Kommunikative Stadtplanung, 1988-1996

Ein weiterer Forschungsschwerpunkt ART+COMs Ende der 1980er und Anfang der 1990er Jahre lag auf der Entwicklung eines vernetzen Datensystems, das im Rahmen städtebaulicher Planungen eingesetzt werden konnte. Die Forschungsreihe war von der DeTeBerkom zur Entwicklung von Diensten und Anwendungen für zukünftige Breitbandnetze beauftragt.

Das System sollte dezentral arbeitenden Architekt*innen, Städteplaner*innen, Ingenieur*innen und Verwaltungen den Zugriff auf alle verfügbaren Informationen zu einem städtebaulichen Objekt oder Areal ermöglichen, inklusive 3D-Echtzeitvisualiserungen und Prozesssimulationen, um planerische Entscheidungen zu erleichtern.

In dem Forschungsprojekt „Neue Medien im Städtebau“ entwickelte ART+COM eine vernetzte Bilddatenbank, auf die alle Planungsbeteiligten zugreifen konnten. Ziel war, mithilfe von 3D-Visualisierung und Simulation sowohl den Ist-Zustand als auch die möglichen Bebauungsvarianten virtuell erfahrbar zu machen. Zudem konnten städtebaulich relevante Faktoren wie Thermik, Lärm, Verkehrsfluss, Licht/Schatten und Luftverschmutzung kalkuliert und simuliert werden.

Das entwickelte System wurde auf eine konkrete Planungsaufgabe angewendet: Die Visualisierung und Simulation des neuen Berliner Regierungsviertels, dessen städtebauliche Planung mit dem Umzug der Regierung von Bonn nach Berlin anstand. ART+COM beteiligte sich 1992 mit einem eigenen Entwurf am internationalen städtebaulichen Ideenwettbewerb Spreebogen, der zum Ziel hatte, die wichtigsten Parlaments- und Regierungsbauten an diesem Ort zu versammeln. Der von ART+COM eingereichte Vorschlag sah vor, die zentralen Regierungsbauten auf einer künstlichen Spreeinsel zu bauen. Bei der Entwurfsentwicklung und dreidimensionalen Darstellung kam das eigene System zur Anwendung. Der Entwurf schaffte es auf den 10. Platz von über 800 Einreichungen und wurde angekauft.

Die ersten beiden Gewinnerentwürfe wurden in das virtuelle Stadtmodell integriert und auf der CeBIT 1993 als stereoskopische Projektion und aus Berlin nach Hannover über Breitbandverbindung übermittelt präsentiert. Ein Präsentator, der von zwei Stereokameras in Berlin aufgenommen und in das Stadtmodell hineinprojiziert wurde, führte mithilfe eines Joysticks die mit Polarisationsbrillen ausgestatteten Zuschauer in Hannover durch das virtuelle Berlin. Sein Partner in Hannover konnte sich ebenfalls in Echtzeit im Modell bewegen. Auf diese Weise fand erstmals ein telematisches Treffen zweier voneinander entfernten Personen in einem virtuellen Raum statt, der gemeinsam erlebt, verändert und gestaltet werden konnte.

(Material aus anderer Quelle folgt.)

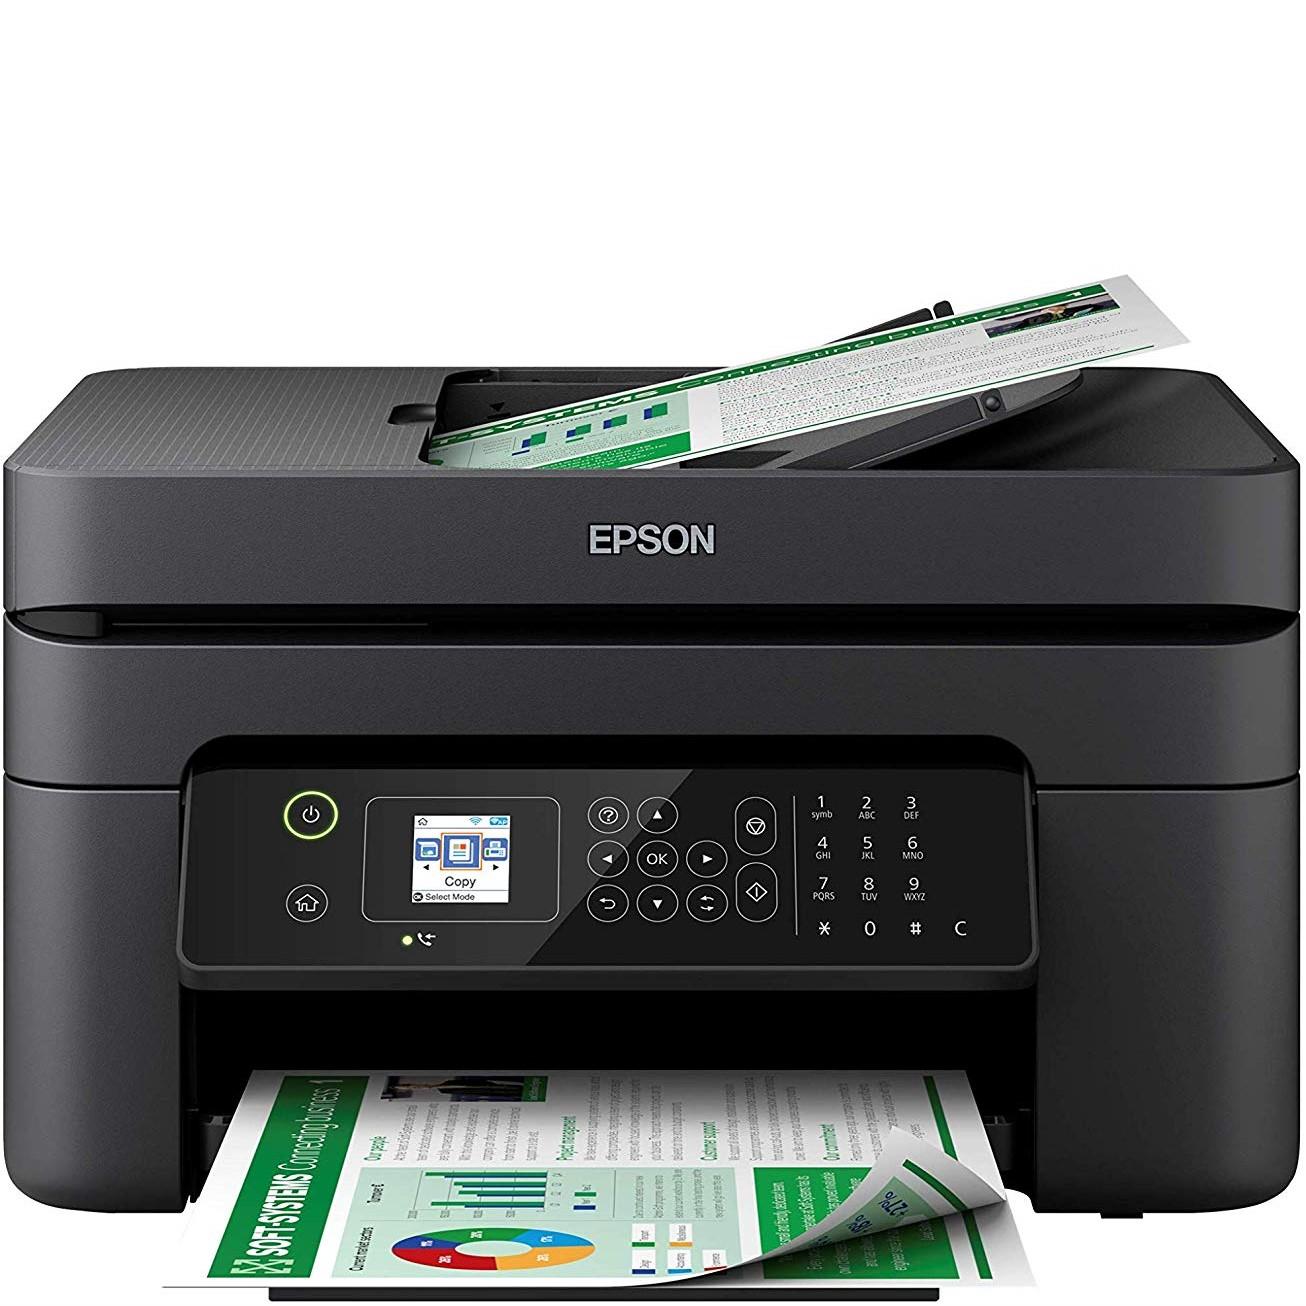 Epson WorkForce WF2830 Inkjet

Daneben wurde eine virtuelle, vernetzte Planungsplattform für die U-Bahn-Station Potsdamer Platz entwickelt, die 1961 geschlossen und nach der Wiedervereinigung neu geplant und gebaut wurde. Pläne, Texte, Filme, Videos und computeranimierte Visualisierungen des Areals waren im virtuellen Modell abrufbar.

Innerhalb der Forschungsreihe entwickelte ART+COM außerdem einen Radiosity-Renderer zur 3D-Simulation von komplexen, sich verändernden Lichtsituationen. Im Gegensatz zu konventionellen Computeranimationssystemen basierte das Programm auf einer polygonalen Beschreibung des Ortes und seiner leuchtenden Oberflächen, woraufhin der Lichttransfer von einem Polygon zum nächsten berechnet werden konnte. So konnten die unterschiedlichen Lichtintensitäten in einem Raum an die Perspektive der Betrachter*innen angepasst werden. Besonders realistisch wirkten die Lichtsimulationen durch die Berechnung und Darstellung weicher Schatten und indirekt beleuchteter Oberflächen. Den Vertrieb der Softwarelizenz des Radiosity-Renderers übernahm bis 1993 Jaron Laniers Firma VPL Research.